Raw meat for dogs and cats is a potential source of pathogenic bacteria

A study published by the Royal Society for Open Science highlights the negative aspects of raw meat for dogs and cats. This study also shows that providing raw meat for your pets, a trend that is spreading more and more to the same research, can be dangerous because these raw or untreated dishes can contain significant amounts of bacteria. Among other things, the risk, albeit minor, also applies to the owners.

As AFP’s statement shows, various samples of raw meat commercially available to dogs and cats have been tested for this study. We are talking about so-called “biologically acceptable raw food” or BARF (biologically acceptable raw food), a raw food for pets, the sales of which have increased significantly in recent years, including through the distribution of paleodiet to humans.

Researchers found that three-quarters of the samples tested exceeded the recommended limits for bacteria that could cause gastrointestinal infections. In addition, half of the samples contained known drug-resistant bacteria.

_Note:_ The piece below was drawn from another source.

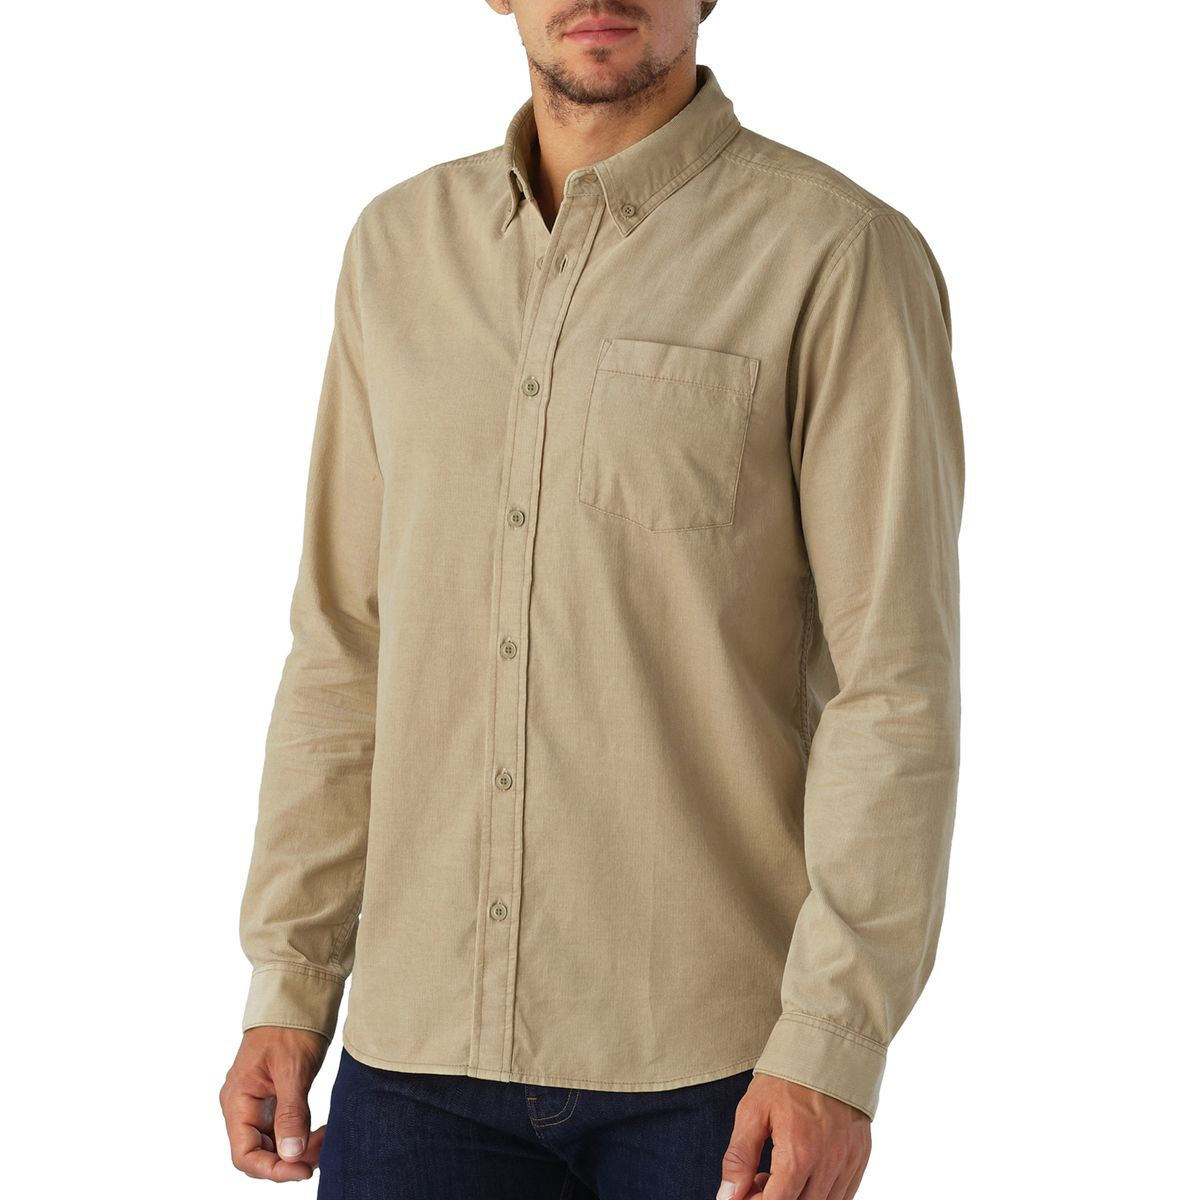 Patagonia Bluffside Cord Shirt - Men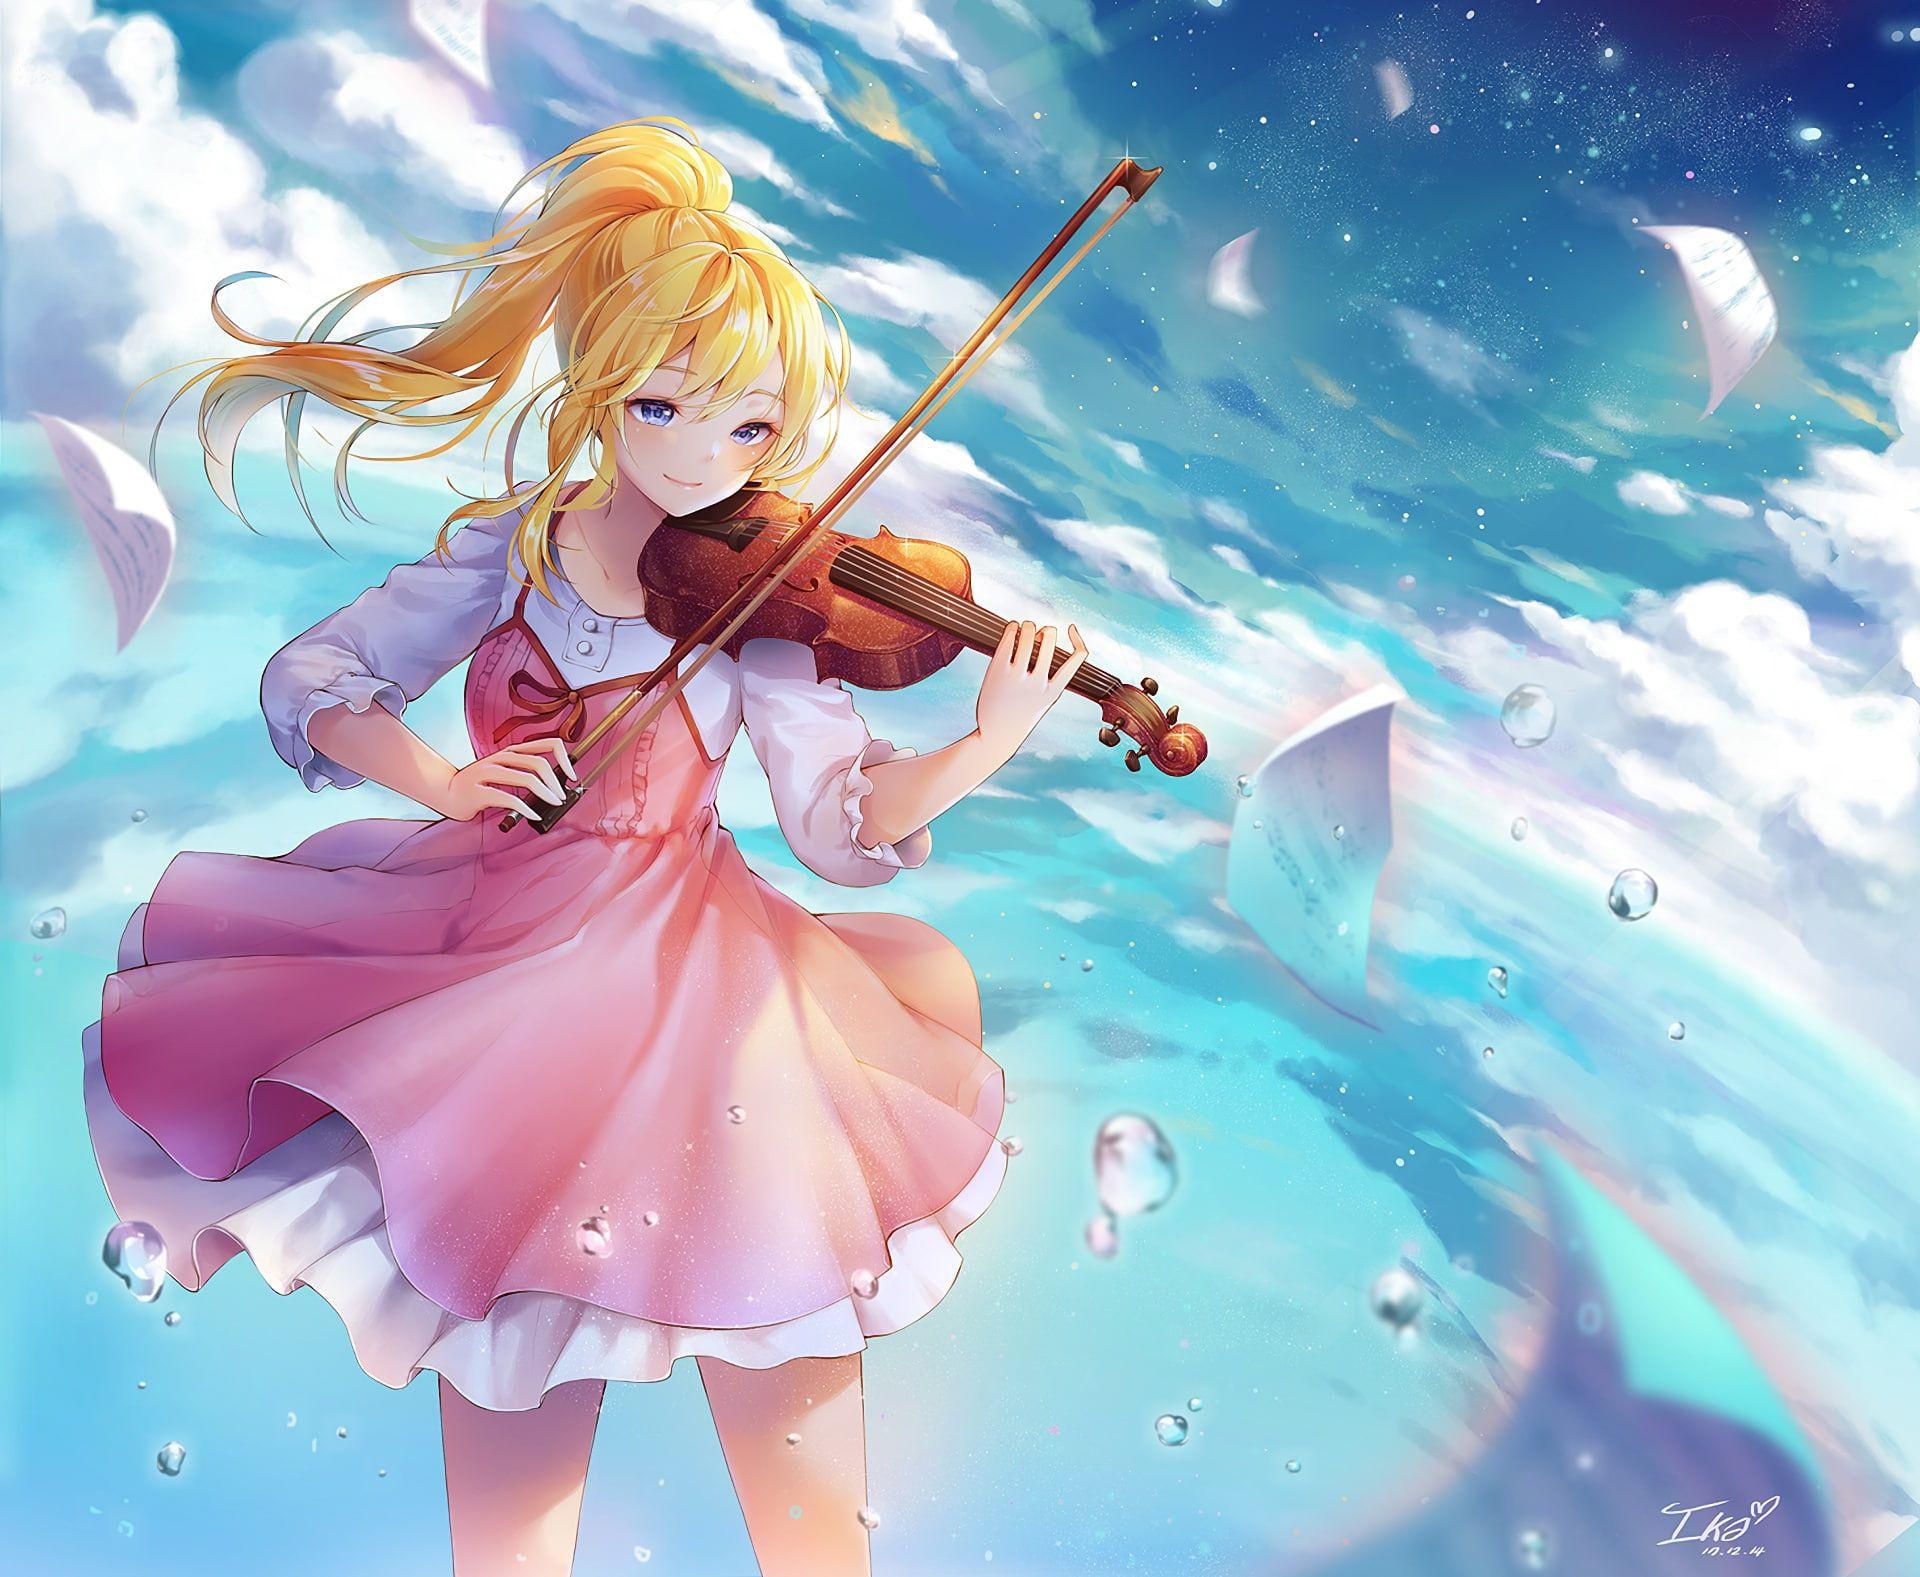 Look Girl Violin Anime Shigatsu Wa Kimi No Uso 1080p Wallpaper Hdwallpaper Desktop In 2020 Your Lie In April Anime Anime Music

According to Nuesch-Inderbinen, a researcher at the University of Zurich who conducted the study, some of the samples also included samples of Escherichia coli, a bacterium that can cause infection in both animals and humans. There are also bacteria that can be a source of salmonella or yersiniosis in dogs.

These pathogens can also be dangerous for humans, as the latter must still be manipulated in order to feed their dogs or cats. In addition, the risk to humans can also be caused by any contact with animal feces and generally with household surfaces contaminated with the same feces.


Sources & Recommended Reading:

https://royalsocietypublishing.org/doi/10.1098/rsos.191170

Daniel Reed

I am a former professor at Colorado State University in the Department of Biochemistry and Molecular Biology and the author of several research papers. Now mostly retired, I founded BiologyReporter.com as a hobby to report on some of the scientific discoveries and research going on that I find interesting. Outside of my scientific and working life I also enjoy hiking and bridge.